This unit reviews the physical principles and methodologies involved in diffusion-weighted imaging (DWI) and diffusion tensor imaging (DTI) for clinical applications. Diffusion-sensitive MRI noninvasively provides insight into processes and microscopic cellular structures that alter molecular water mobility. Formalism to extend the Bloch equation to include effects of random translational motion through field gradients is reviewed.
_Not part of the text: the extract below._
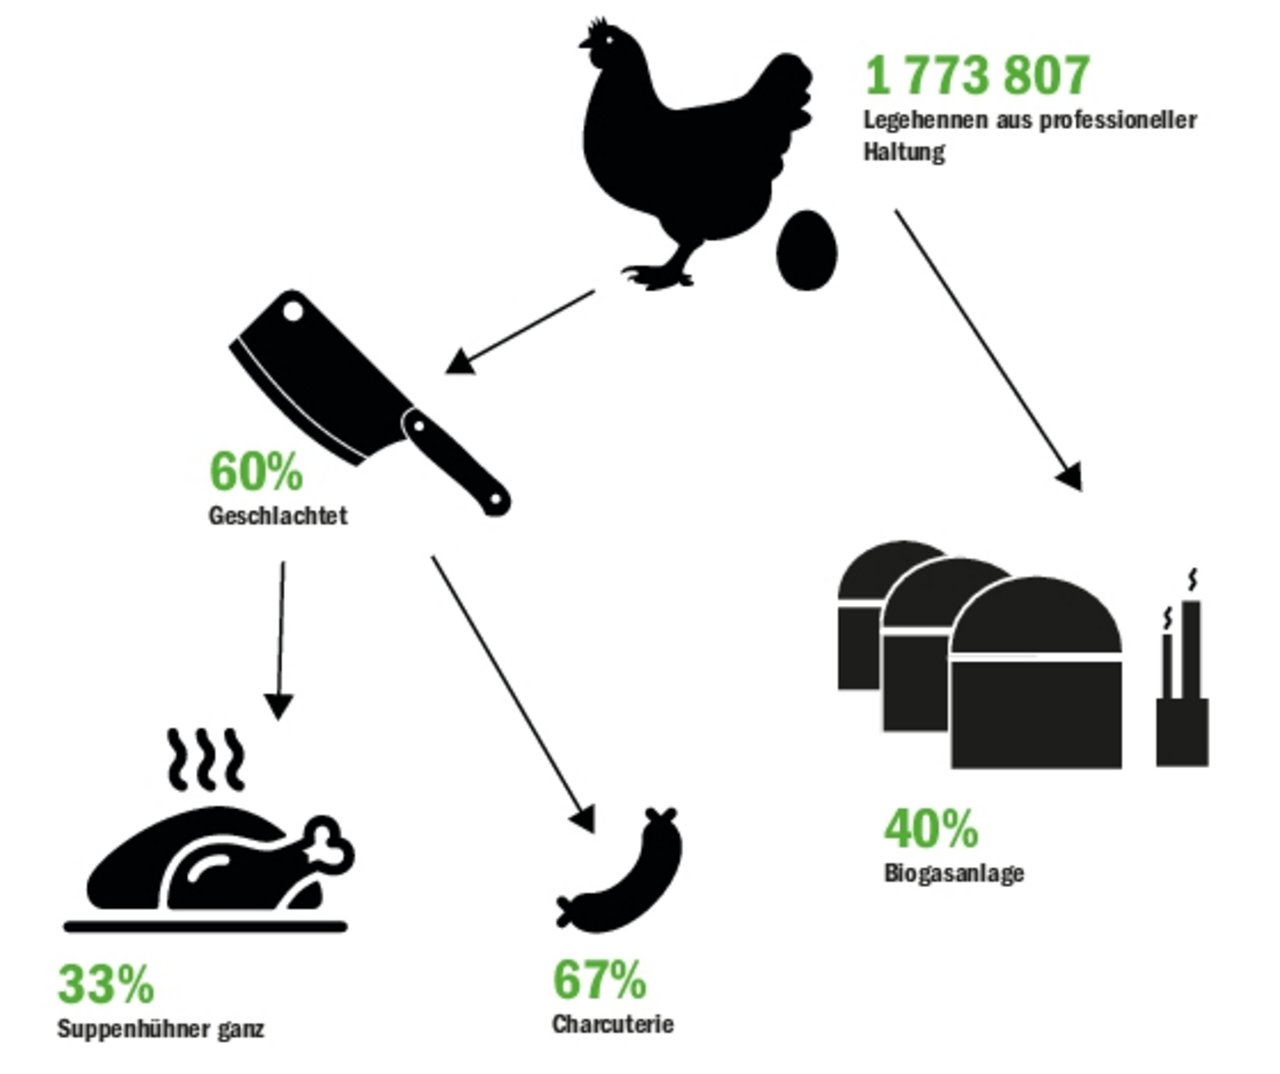 Charcuterie von Legehennen ist beliebter als die ganzen Suppenhühner. Ein Teil der Tiere geht nach der Tötung direkt in die Biogasanlage. (Grafik BauZ)

Definition of key acquisition parameters is also reviewed along with common methods to calculate and display tissue diffusion properties in a variety of image formats. Characterization of potential directional-dependence of diffusion (i.e., anisotropy), such as that which exists in white matter, requires DTI. Diffusion tensor formalism and measurement techniques then reduce the diffusion tensor into standard anisotropy quantities that are summarized along with commonly used methods to depict directional information in an image format.

本单元回顾了临床应用中弥散加权成像(DWI)和弥散张量成像(DTI)的物理原理和方法。扩散敏感的无创MRI提供了对改变分子水流动性的过程和微观细胞结构的洞察。讨论了将布洛赫方程扩展为包括随机平移运动通过场梯度效应的形式。关键采集参数的定义也回顾了常用的方法来计算和显示组织扩散特性在各种图像格式。表征扩散的潜在方向依赖性(即各向异性),例如存在于白质中的扩散,需要DTI。然后,扩散张量的形式化和测量技术将扩散张量简化为标准的各向异性量,并与常用的方法一起总结,以图像格式描述方向信息。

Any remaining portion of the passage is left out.